In today’s world where there are over 3 billion internet users worldwide, with 38 million of those users coming from the UK alone, the concept of scalable applications is really important. The application we created for Vote for Policies needs to sustain the amount of visitors needed for a potential 5 million completed surveys by the general election on May 7th. Using load testing means we can guarantee that we’ll be able to support these heavier than average loads.
Locust.io allows us to write python scripts that emulate a single web user, then we can swarm a website with thousands of those users, during which we’re presented with any errors that occur, the average response time, and the total amount of requests sent to a single endpoint.
Our script uses sleeps and probability to dictate what a user is most likely to do on the Vote for Policies website.

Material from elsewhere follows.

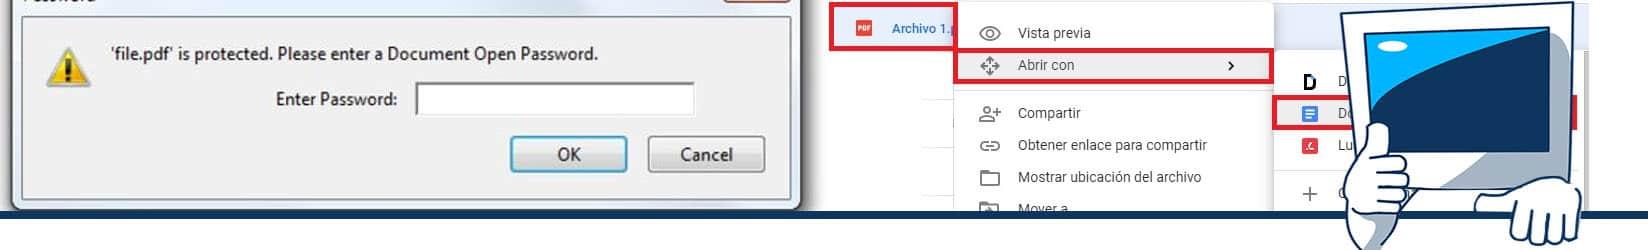 como imprimir un pdf protegido

We have assumed the following:
Initial entry
- 53% visit the index page
- 21% take the survey
- 20% view someone’s results
When taking the survey
- It takes 20 seconds to choose policy issues
- It takes 10 seconds to choose a country
- It takes 7 to 10 minutes to complete a survey
- It takes 30 seconds to view a result
- There is a 98% chance that a valid postcode is entered
- There is a 40% chance that an email for that result is requested
Setup
Web Application
We’re hosting on Amazon Web Services (AWS) using their Elastic Load Balancing service to distribute traffic across multiple auto-scaled Amazon EC2 instances.

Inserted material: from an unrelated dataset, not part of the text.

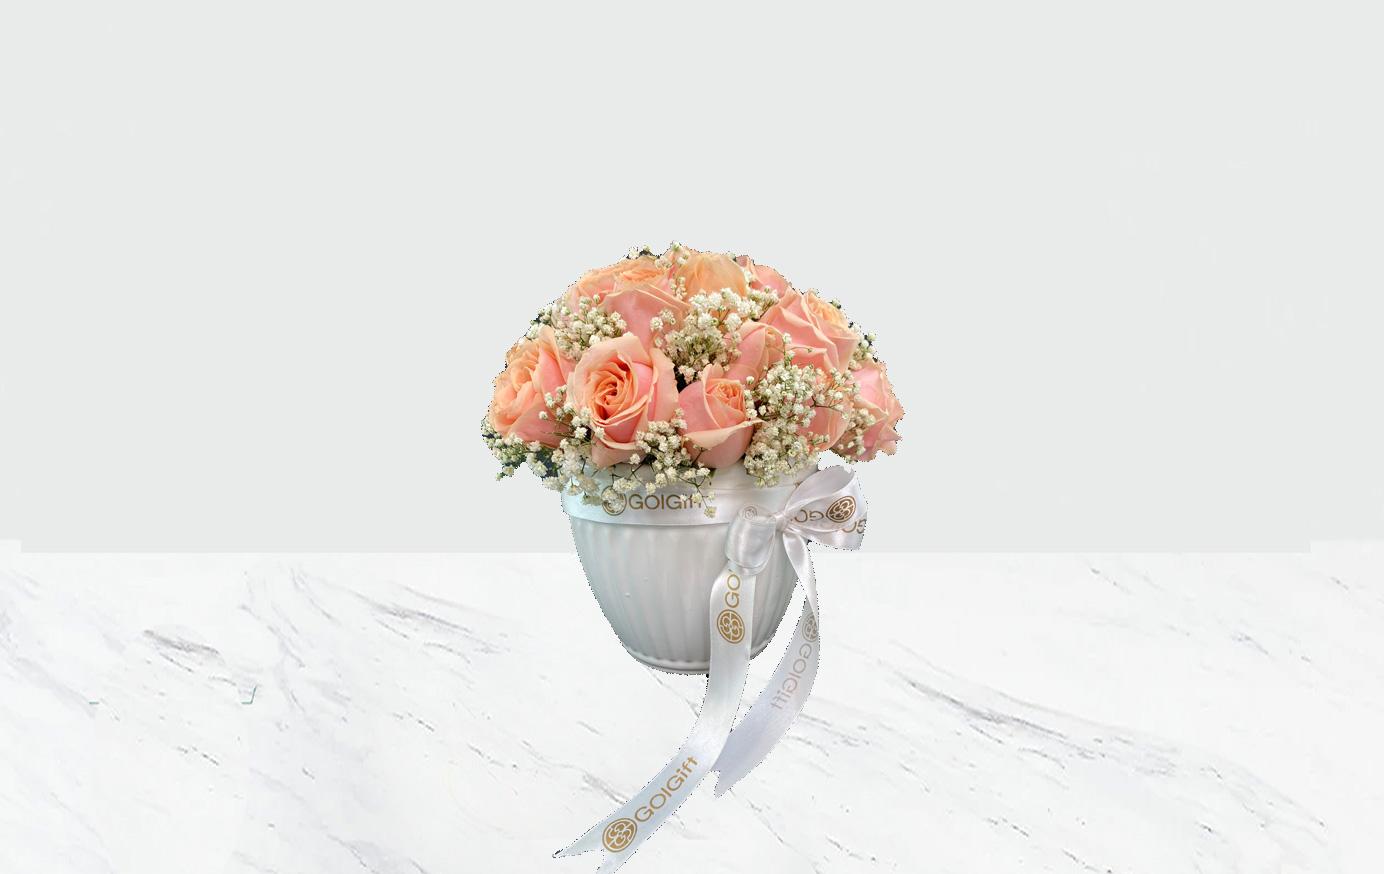 گلدان سرامیکی رز گلبهی

Our initial budget was scaling between 1 and 10 t2.small instances. Our scaling policy would add an instance when the average CPU usage was above 60% for 3 minutes and remove an instance when the average CPU usage was below 50% for 5 minutes. This was our starting point as we’d used a similar policy with another project.
Locust.io
As we wanted to test 5000 concurrent users, we would have had over 300 requests per second, which is a lot of bandwidth, so we decided to do distributed testing on multiple t2.micro instances to ease the load off our own network.
We had 1 master and 8 slaves that we were able to start on the fly with a simple linux service definition (below) that searched for the master server and connected to it.
Testing
We ran our first test with 5000 concurrent users and received these results:
From the above we deduced that although there was a very low amount of failures in comparison to successes, ideally we wanted as few failures as possible. Looking at the actual failures we noticed that the majority of them were HTTP 503 errors, which were occurring when an instance’s network load went above 70Mbps. Based on this, we adjusted our scaling policy to scale up when network load went above 50Mbps and re-ran our test with 5000 users.
These results show that the website was much more reliable with only 4 failed responses to requests.
Conclusion
Acknowledging that our test is more intensive than what real-world usage would be like, we created our final scaling policy of:
– When the average CPU usage > 60% for 60 seconds, add an instance
– When the highest incoming network traffic is > 50Mbps for 60 seconds, add an instance
– When the highest outgoing network traffic is > 50Mbps for 60 seconds, add an instance
– When the highest outgoing network traffic is below < 30Mbps for 15 minutes, remove an instance
We have 1 minute intervals between our scaling policies so that we can react quicker to sudden bursts of traffic, if say a celebrity tweets about Vote for Policies or if it’s mentioned on television. So far over 166,000 surveys have been completed putting us well on the way to achieving the target of 5 million by the general election.